Re: Letters with **three** cases?





Nigel Greenwood wrote:
> Seán O'Leathlóbhair wrote:
> > Peter T. Daniels wrote:
> > > Nigel Greenwood wrote:
> > > >
> > > > Peter T. Daniels wrote:
> > > >
> > > > >
> > > > > Perhaps because it turned out that the victims of ita
> >
> > I can add anecdotal support. One of my friends is clever but a poor
> > speller, he even had embarrassing spelling mistakes in his PhD thesis.
> > He blames this on having been subjected to ITA as a child.
>
> Well, yes, perhaps: ... "victims" ... "subjected to" ... Seán's
> friend is hardly a controlled study (might have been an even worse
> speller with conventional learning, for example).
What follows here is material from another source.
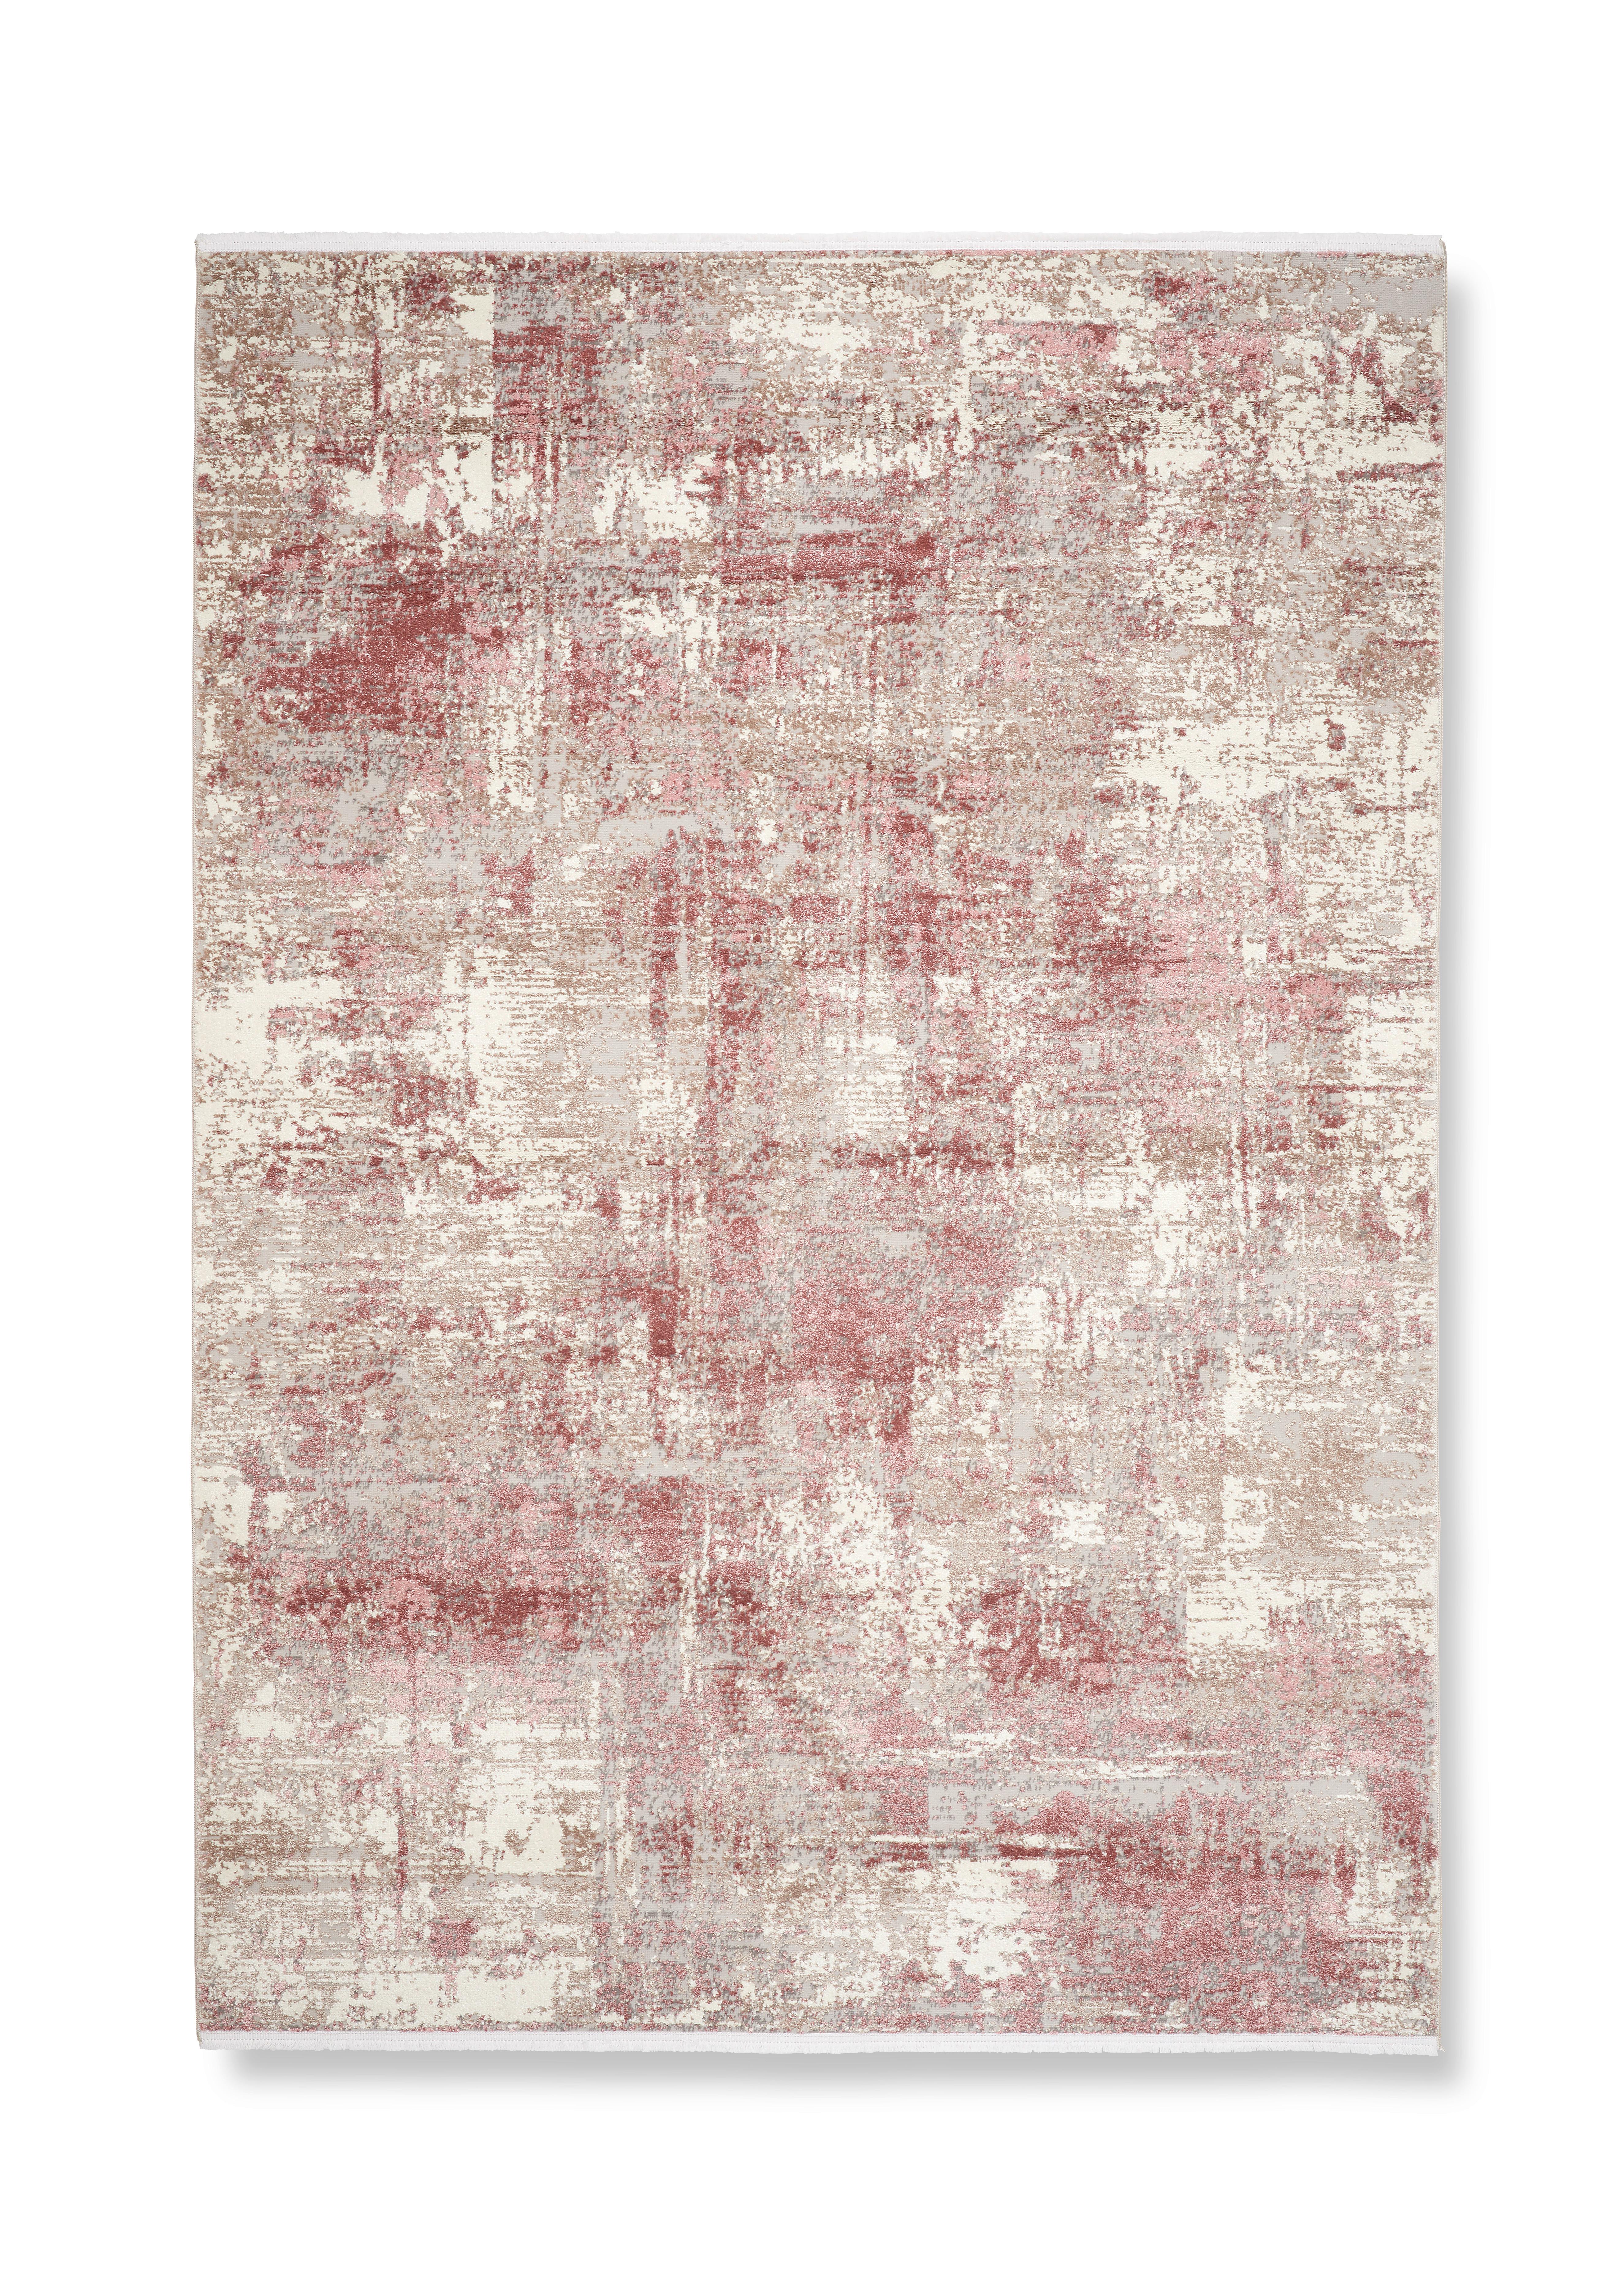 Tkaný Koberec Malik 1, 80/150 Cm - pink/krémová, Moderní, textil (80/150cm) - Modern Living
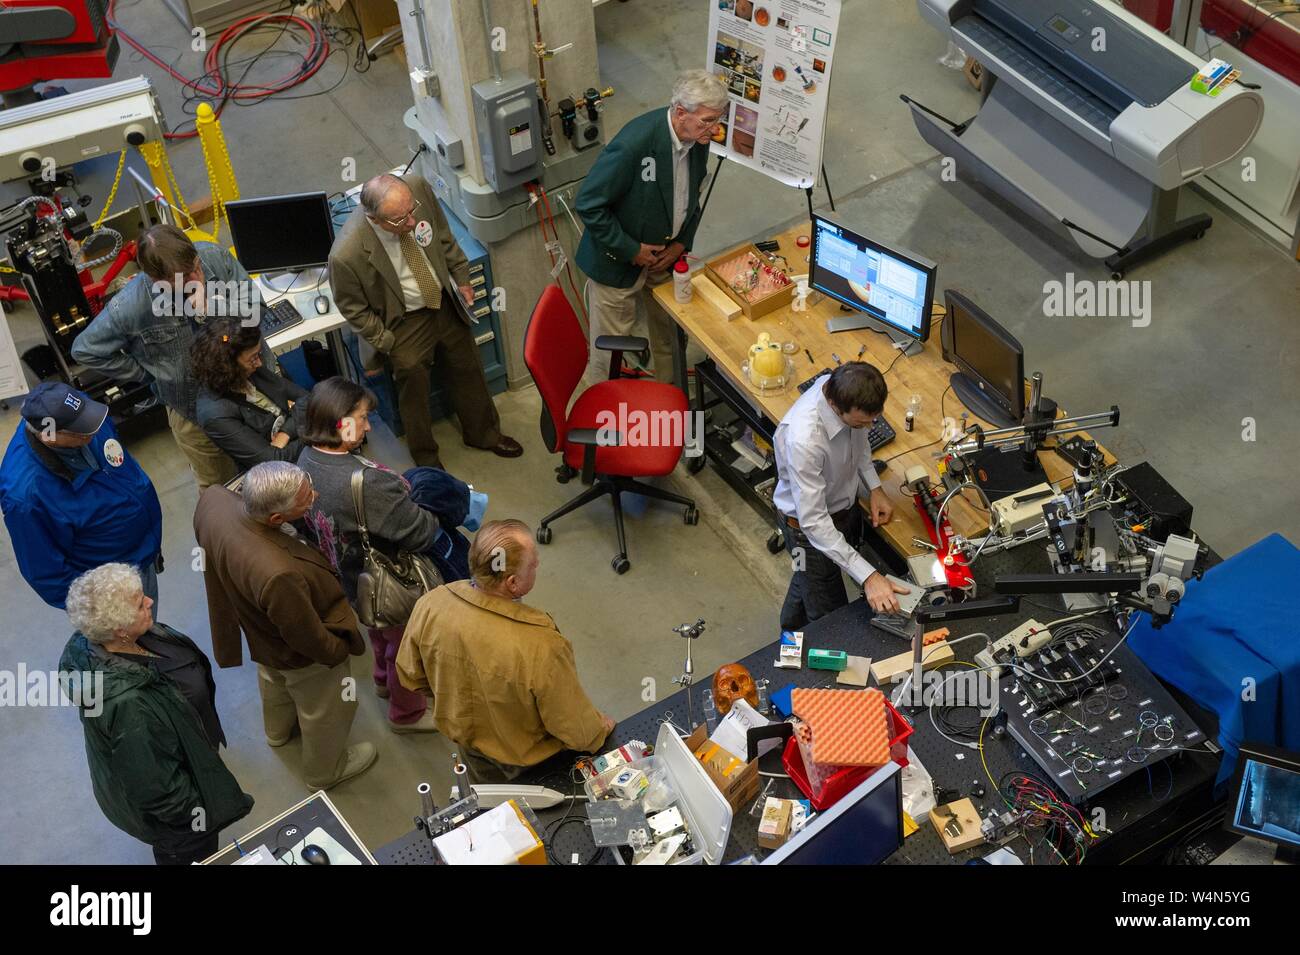 Vue d'ensemble de personnes visiter un laboratoire de développement de la robotique dans la Whiting School of Engineering de l'Université Johns Hopkins, Baltimore, Maryland, le 10 avril 2010. À partir de la collection photographique de Homewood. () Banque D'Images

I was not claiming that it was a controlled study. My only claim was
that I have friend who blames his poor spelling on having been taught
using ITA. I think "subjected to" is how he phrases it but I am not
certain of that point. His phrasing is certainly negative. He does
not say: "Despite the benefit of having been taught using ITA, I am
still a bad speller". Of course, maybe he would have been a bad
speller however he was taught and the ITA is just a handy excuse. If
he did not have it as an excuse, he may have claimed dyslexia.

Are you aware of a controlled study or why ITA has fallen from favour?
I did look on the web once and found some people still using it.

<snip>

> Nigel
>
> --
> ScriptMaster language resources (Chinese/Modern & Classical
> Greek/IPA/Persian/Russian/Turkish):
> http://www.elgin.free-online.co.uk

--
Seán O'Leathlóbhair

.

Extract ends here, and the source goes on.